Every US Senator, including Obama, signed Senate Res 511 in April 2008, confirming his and her belief that a natural born citizen is born to two parents who are citizens. They didn't include the other requirement, born on our sovereign soil, because they were creating the false impression the John McCain was eligible. He wasn't, and that is why Republicans refused to vet Obama. Had they done so, McCain would have been gone, and Hillary was ready and able.,

Read Arizona's own Rogers Professor of Law at U of Arizona, Gabriel Chin, whose excellent paper “Why Senator John McCain Cannot Be President:” We may all believe his background should have made him eligible, but, in spite of twenty six attempted amendments to Article II Section 1, none has passed - and there were eight attempts alone between 2000 and 2007. Even Clare McCaskill and Obama made pretended to try in February of 2008 with a “Bill to enable Foreign Born Children of Military Citizens to Become President.” It didn't pass, and couldn't have affected a Constitutional definition. Republicans and Democrats colluded to obscure the definition they all understood because it was a political embarrassment, and probably, a violation of the oaths they all took upon being sworn to their offices. McCain seemed deserving, but ignoring the Constitution to reward McCain paved the path for Obama, who never said he was a natural born citizen. He doesn't believe the Constitution is binding, and told us that early in 2002.

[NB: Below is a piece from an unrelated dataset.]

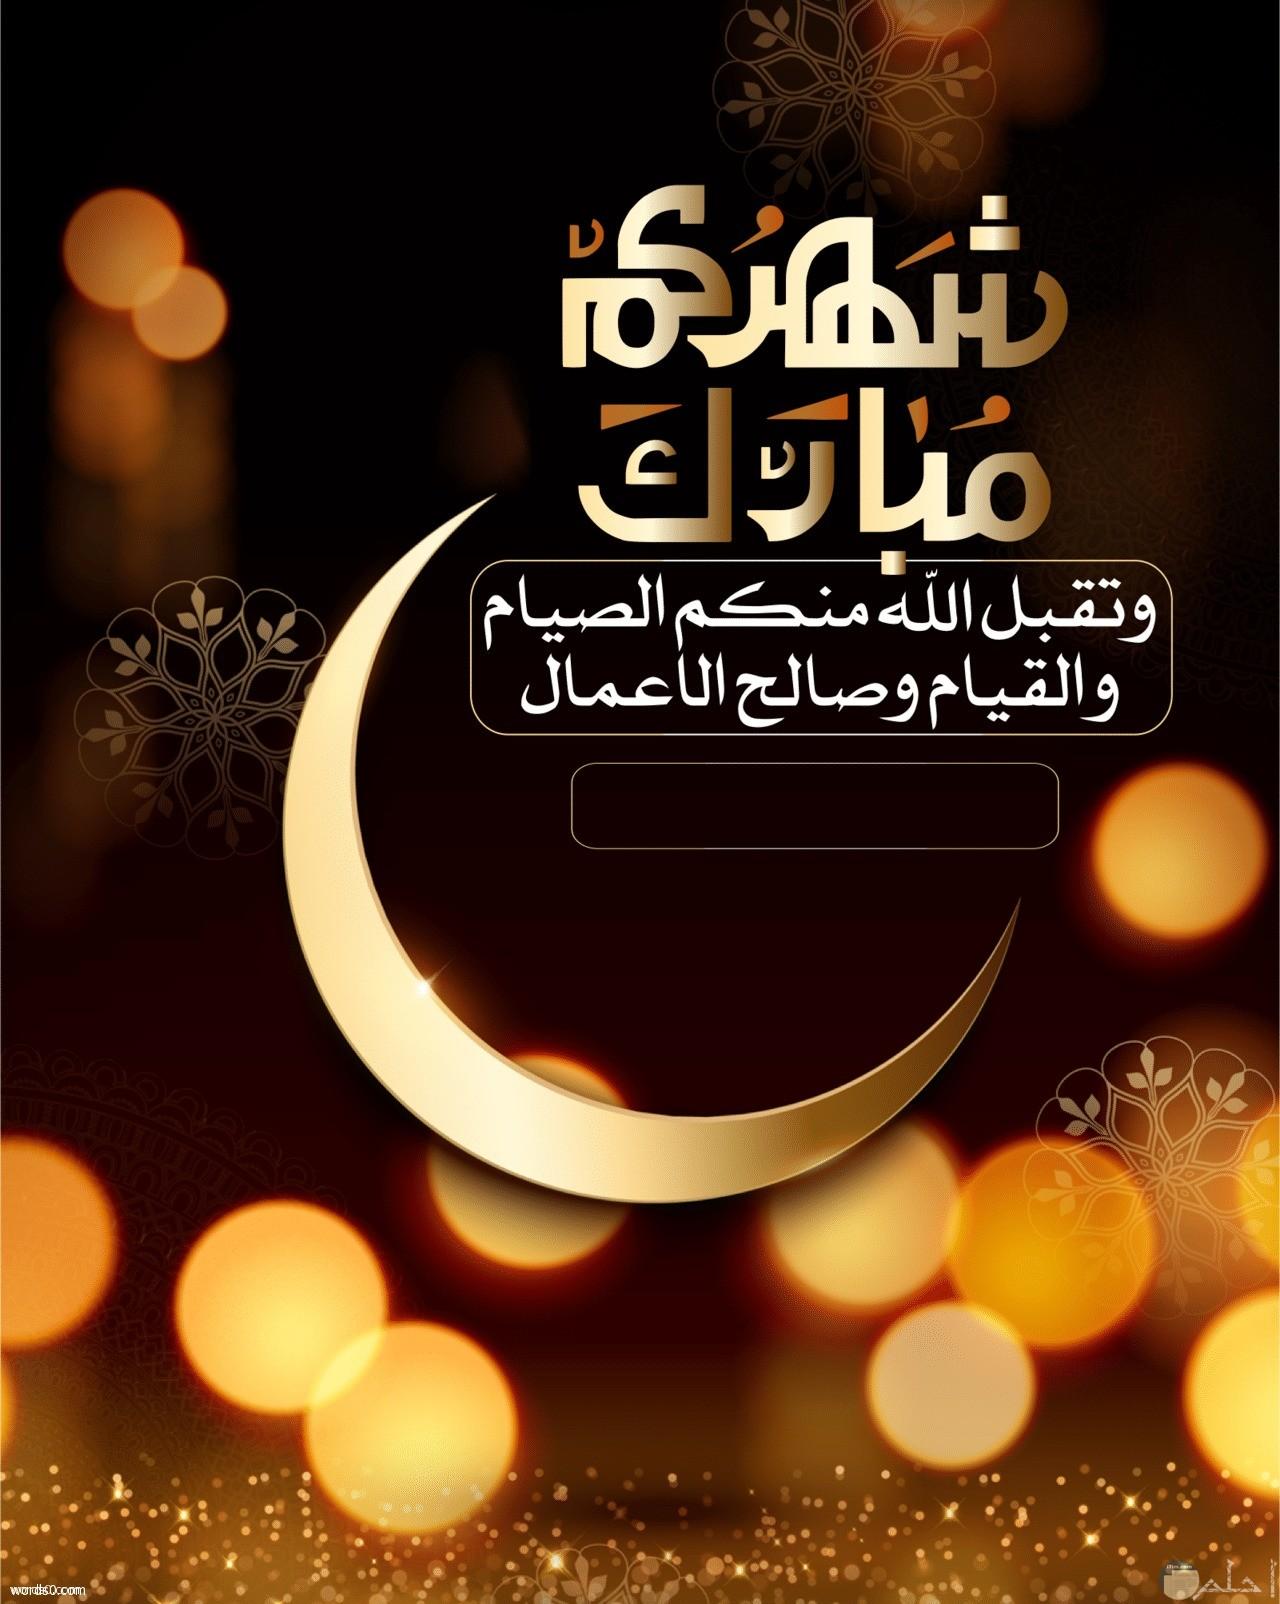 صورة تهنئة و دعوات بشهر رمضان.

You have been told the “Because the term natural born citizen was not defined in the Constitution..” That was sophistry. Terms were not defined in the Constitution, by design. As Minor v Happersett Justice Waite explained, “...In the language understood by the framers of the Constitution, it was never doubted...” There is only one word with a definition contained in the Constitution, and that, 'treason,' is probably because our new form of government, a republic required a variant of the common-law usage - which had many variants as it is.

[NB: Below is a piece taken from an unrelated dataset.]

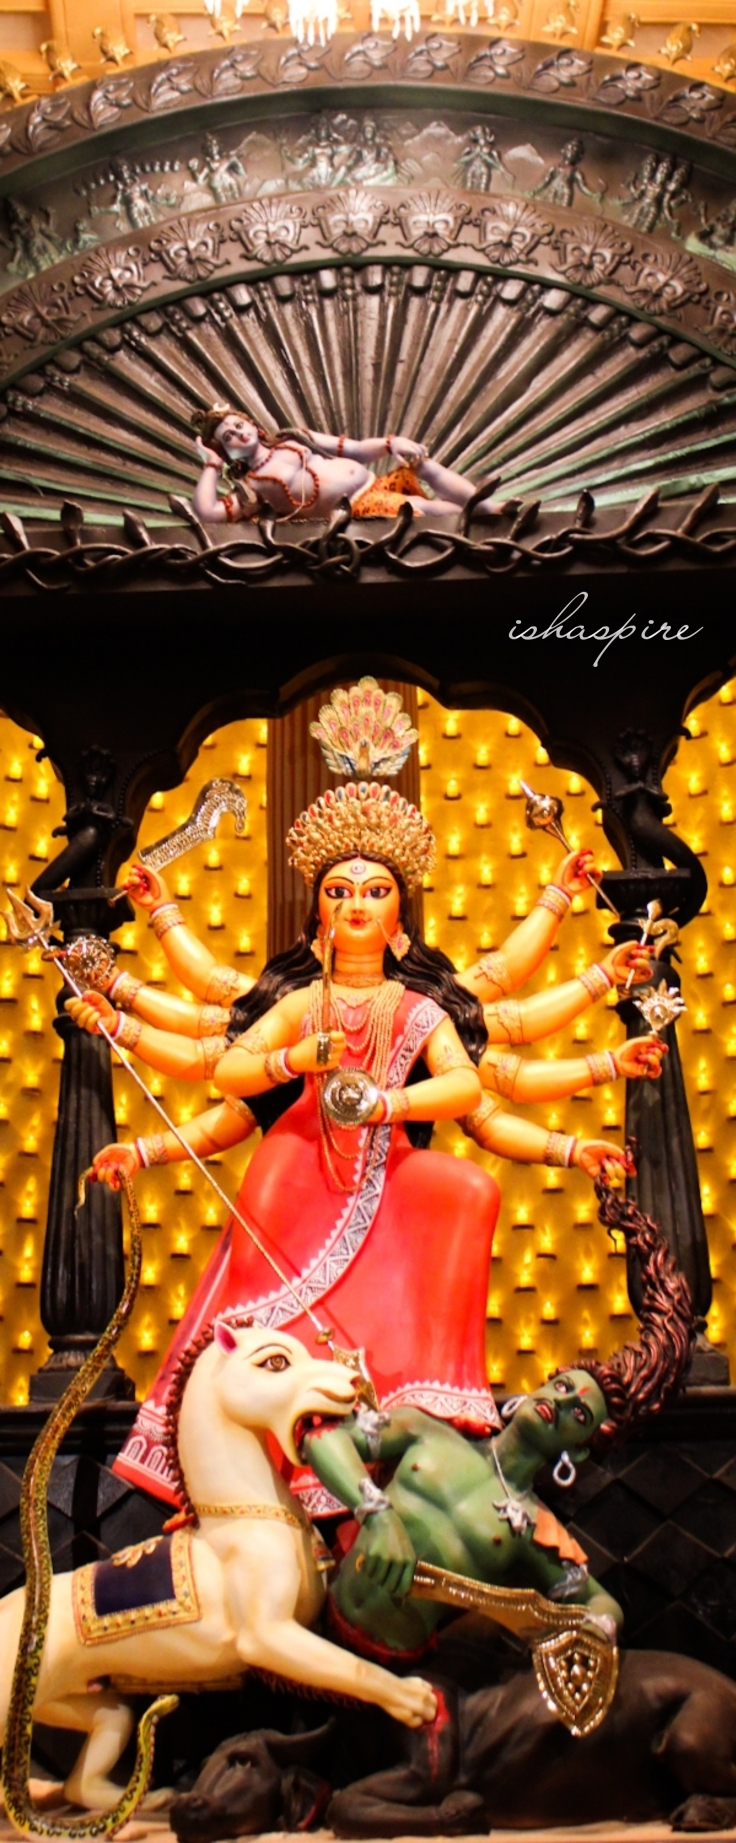 Chalchitra Thakur - Chetla Agrani Pujo 2019 - ishaspire

Don't trust the pundits. Read Minor v. Happersett for yourself. It is not hard to read, but takes some mulling to understand the key idea, that Virginia Minor was only identified in the Constitution as a Citizen of the US, there being no "Uniform Rules for naturalization" before the 14th Amendment, becuase she was born on our soil to parents who were citizen. Without nailing the defintion, Justice Waite had no jurisdiction and no decision.

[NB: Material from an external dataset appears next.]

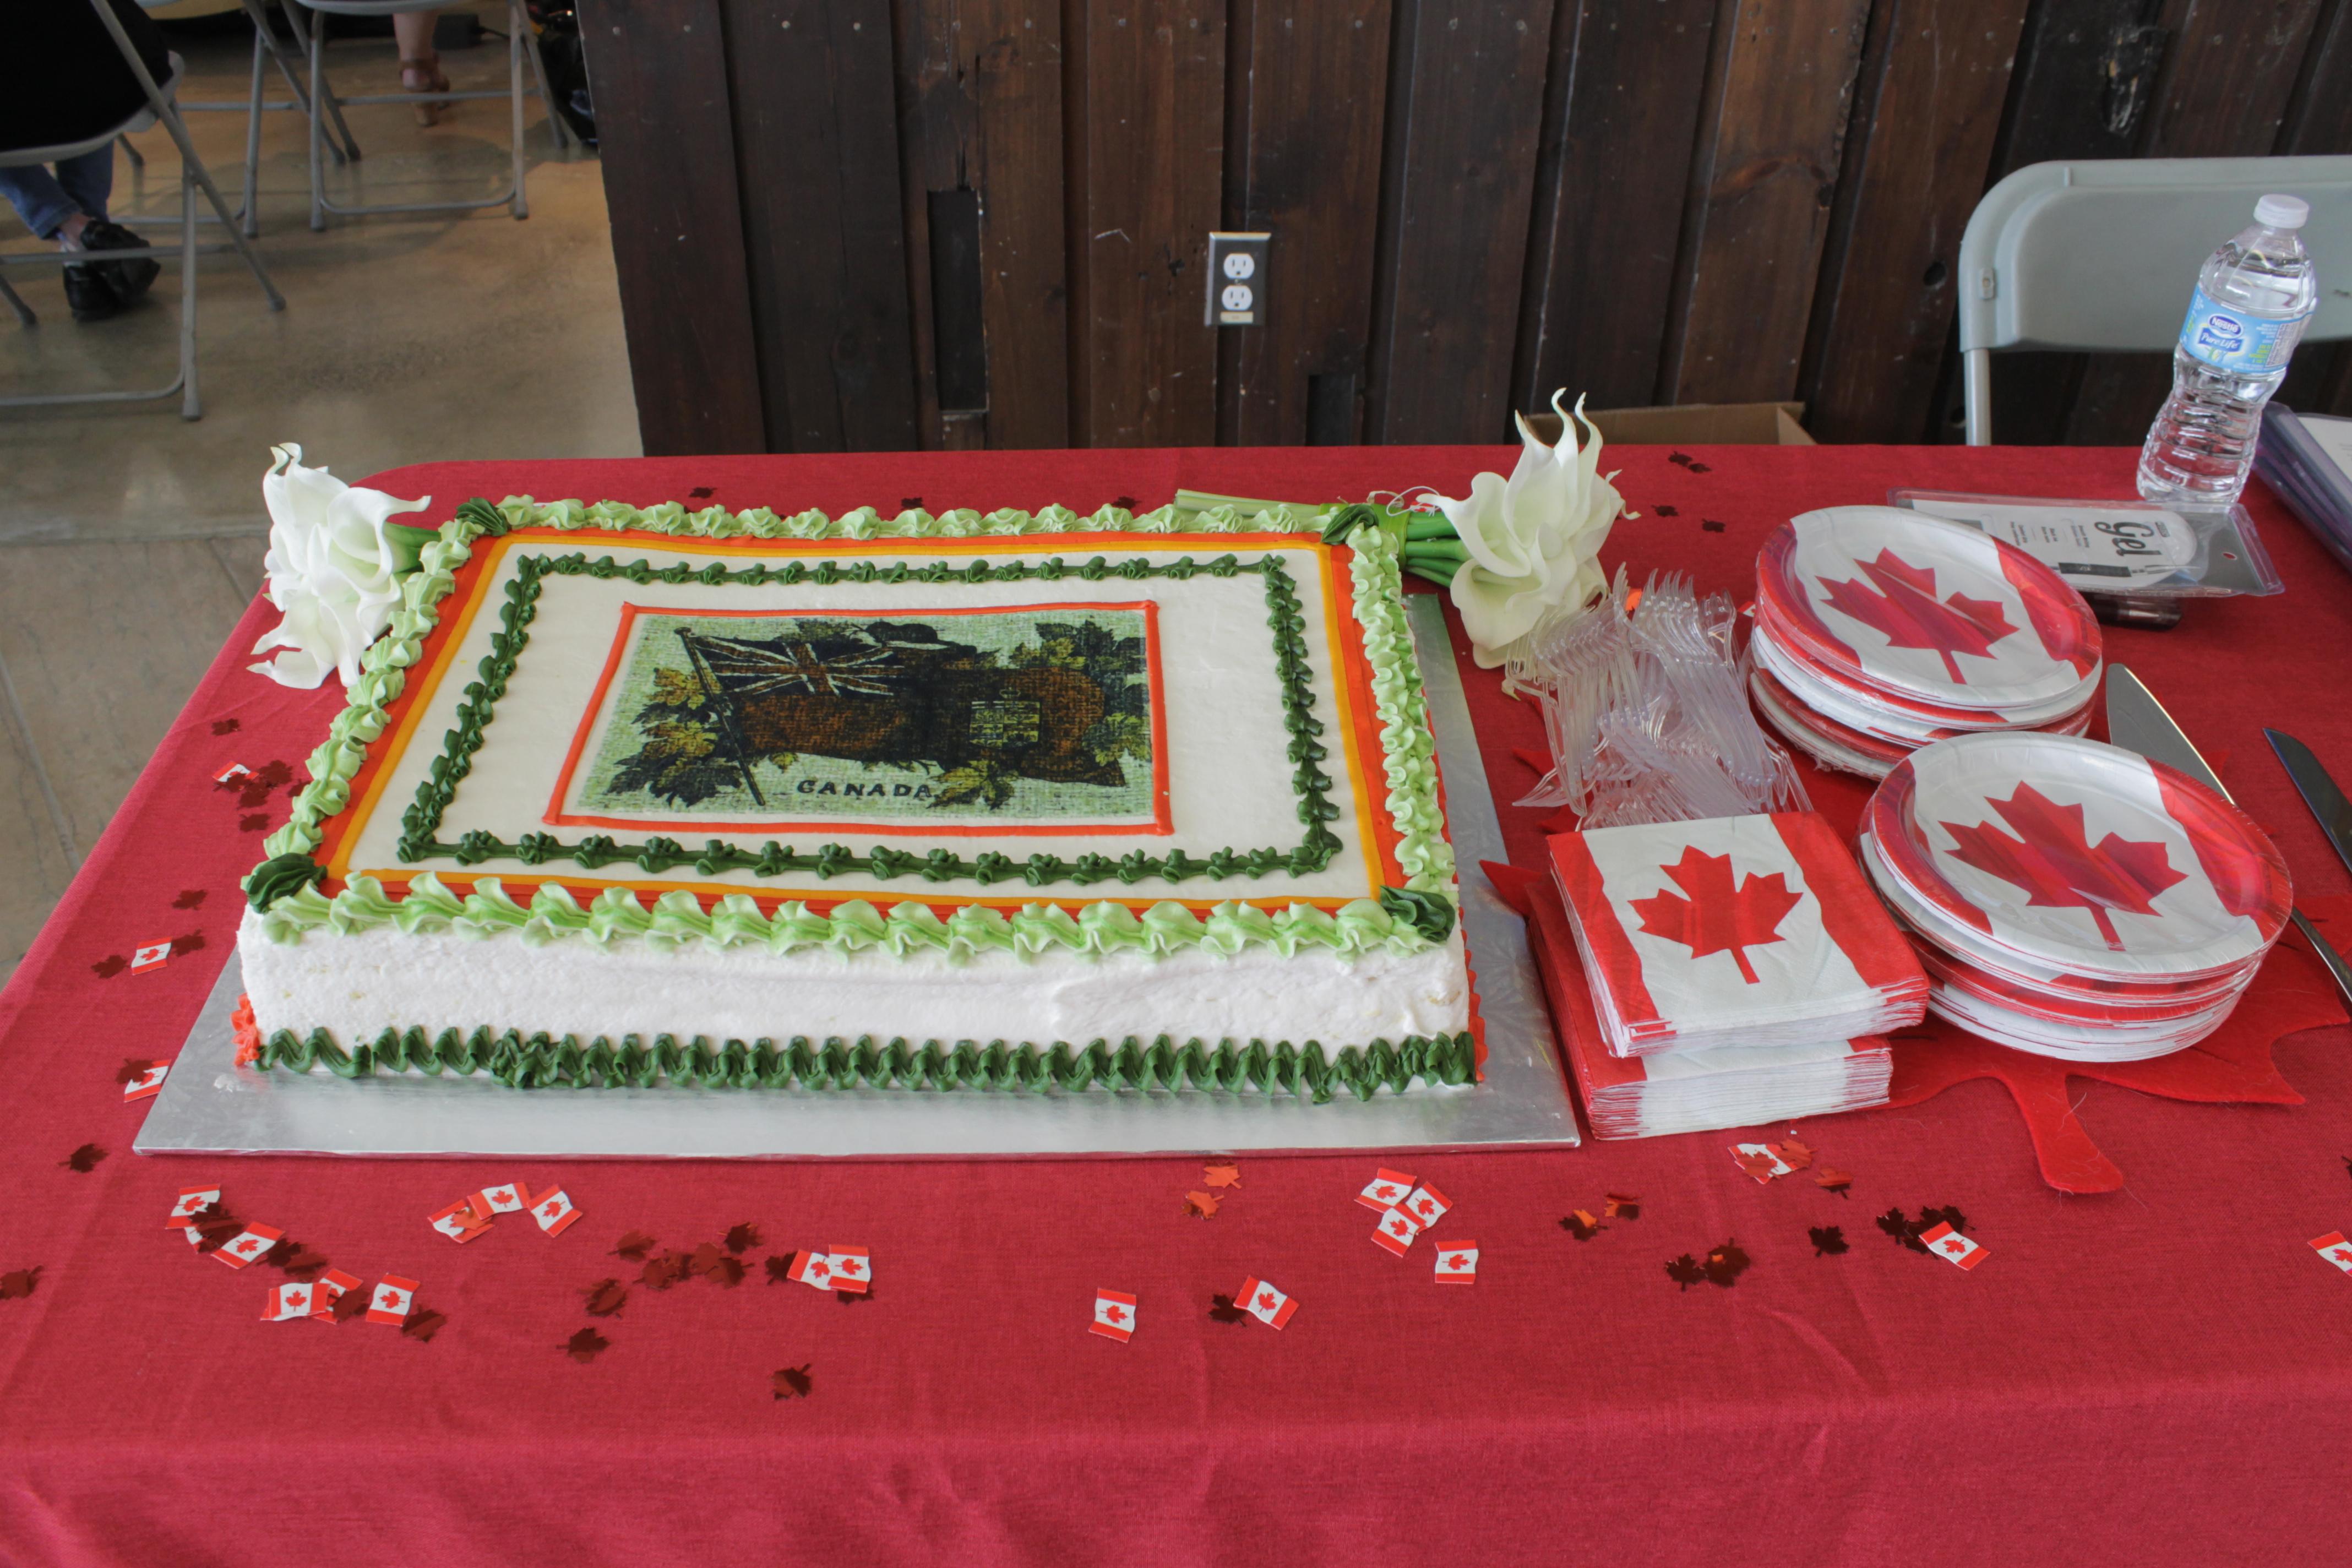 Canada 150 Cake 2017

Dozens of Supreme Court cases containing citations to Minor v. Happersett were scrubbed by Soros’ Center for American Progress cadre and provided by Google to anyone curious enough to search Supreme Court cases involving citizenship. Cornell Law still has an expurgated case, Ex. Parte Lockwood, with a whole paragraph scrubbed. The corrupted "Justia.com" cases have now been replaced, and Google/Justia has blocked access to the "Wayback Machine," the internet archives. Our legislators and judges have caved, as has our presumably conservative legal history pundit, Mark Levin, who is going to the bank while avoiding the most cited legal reference for the first thirty years after 1779, Vattel’s Law of Nations, because Chief Justice John Marshall cites Vattel in “The Venus, 12 US 253, para 289” as the most concise source (and not by any means the only one) for the definition of natural born citizen.

Our legislators have become our enemies by their complicity in obscuring part of our law which was created to protect us. Our framers and founders understood how critical it was that our commander in chief and chief executive be born to and with allegiance to our foundation. Could it be any more clear that Obama has no such allegiance, and that his father, who never had any desire to be a citizen of the US, a professed Marxist, helped define who Obama is?